I'm in the book of helman, and I honestly don't enjoy it. I was reading and was thinking about Moroniha, the son of moroni... this guy had to put up with ALOT of crap! Sure, Moroni did a lot of cool things, but he only had to deal with war and the king-men twice! His son had to deal with SO much more crap!
politics, abomination a weak moral structure in the society and parts of government it was a stick'n mess!!!!
I think we had a knock'n (I'm assuming it's tracting) that ended up with like two bad eggs in one street. One was an OLD old guy who was about to marry a mormon but printed out twenty questions (like the cheap shot questions) and then told us if we would just throw out the book of mormon we would be fine christians... Jones was talking to him and was kinda defensive, he's a strong elder but age has turned him less patient so he promptly told the guy that he (the old guy) basically didn't want to know if the church was true and promptly walked away.... I stayed and was polite for the image of the church.

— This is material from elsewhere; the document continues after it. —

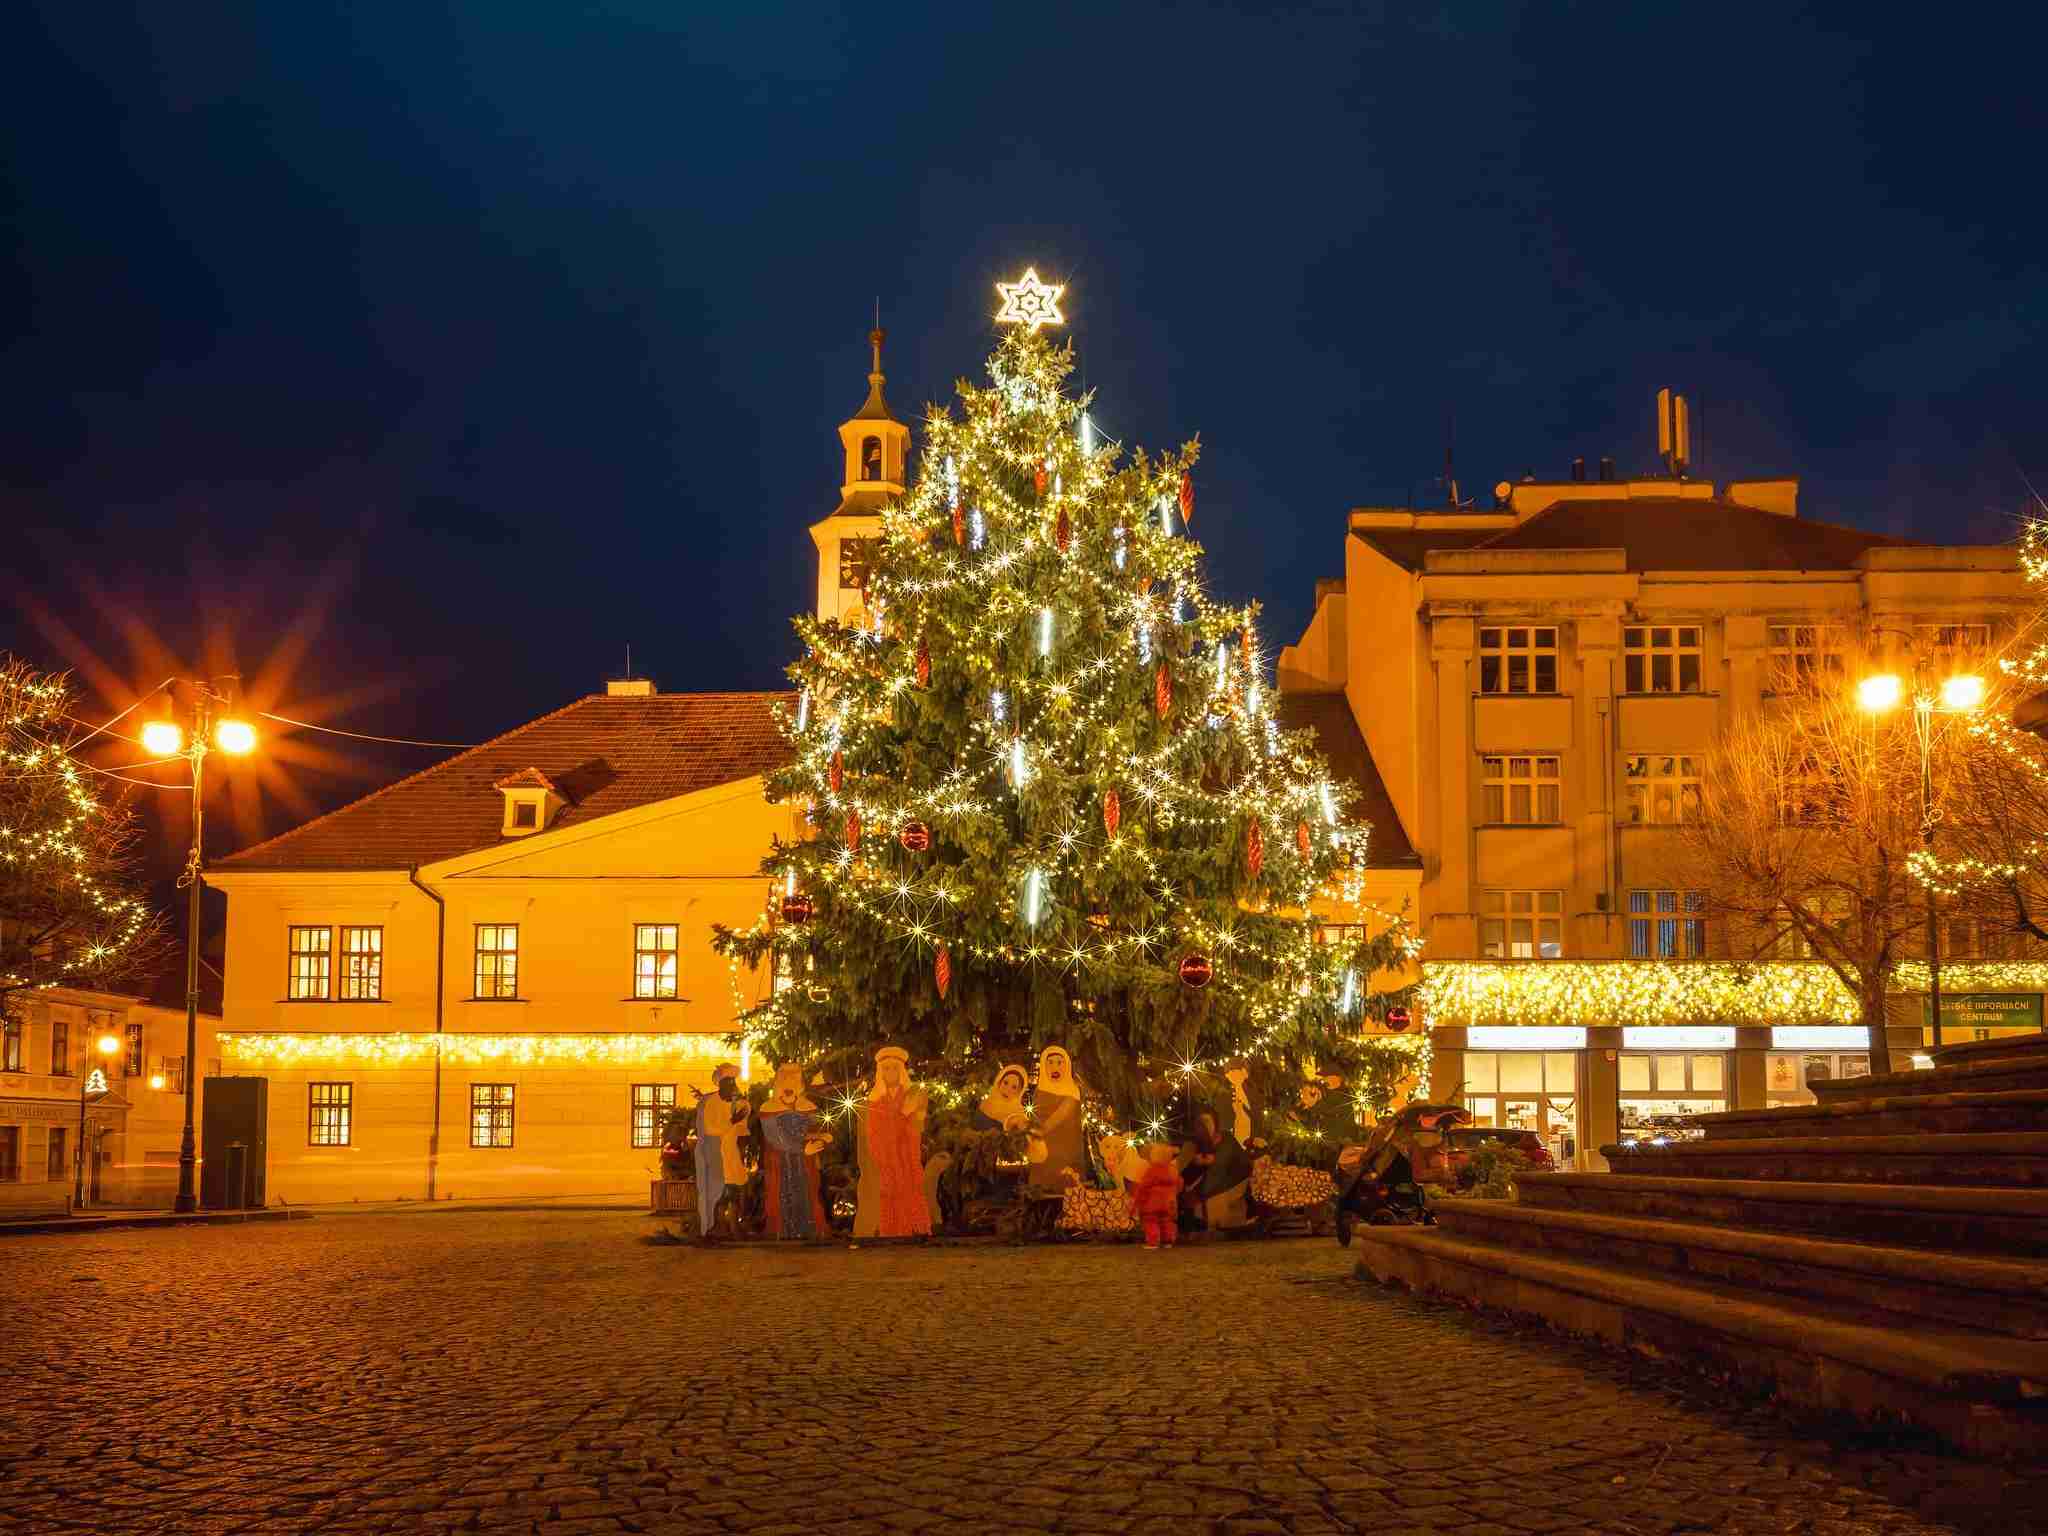 Rozsvícení vánočního stromu v Lounech bude v neděli 27. listopadu. Na programu jsou dětská vystoupení a projevy představitelů města
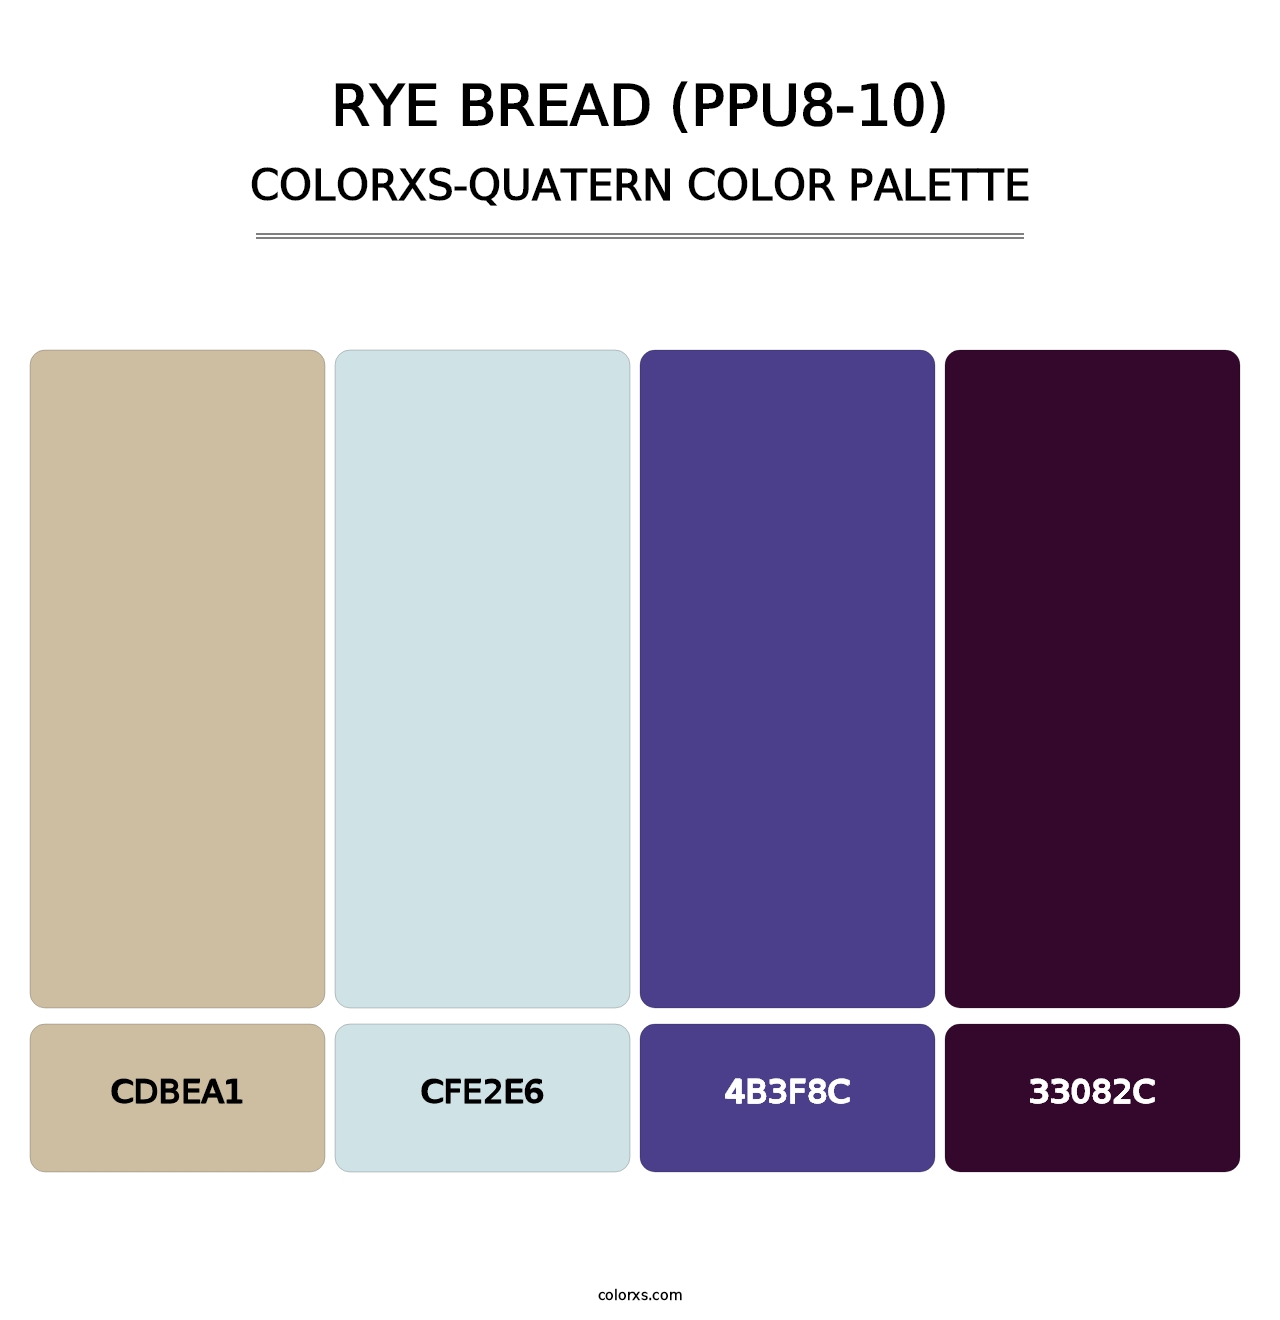 Rye Bread (PPU8-10) - Colorxs Quatern Palette

and the old guy apologized for hurting 'jones feelings' but I told him that if anything, this has just made us stronger, said goodbye and left.... Then we knocked into an old atheist guy who recommended we study the christian history. Why do smart people always think we're dumb? anyway, time is ticking!
Orange I wanna hear from yoooou darcie toooo! and my family!
Special thank you's to the Sampson's who knew what I wanted and delivered with a surprise of measuring cups! malto-meal was WAY more successful this round! aha!
I loved all my birthday presents especially the 2 cases of toilet paper from my Mom and all the party favors were lots of fun.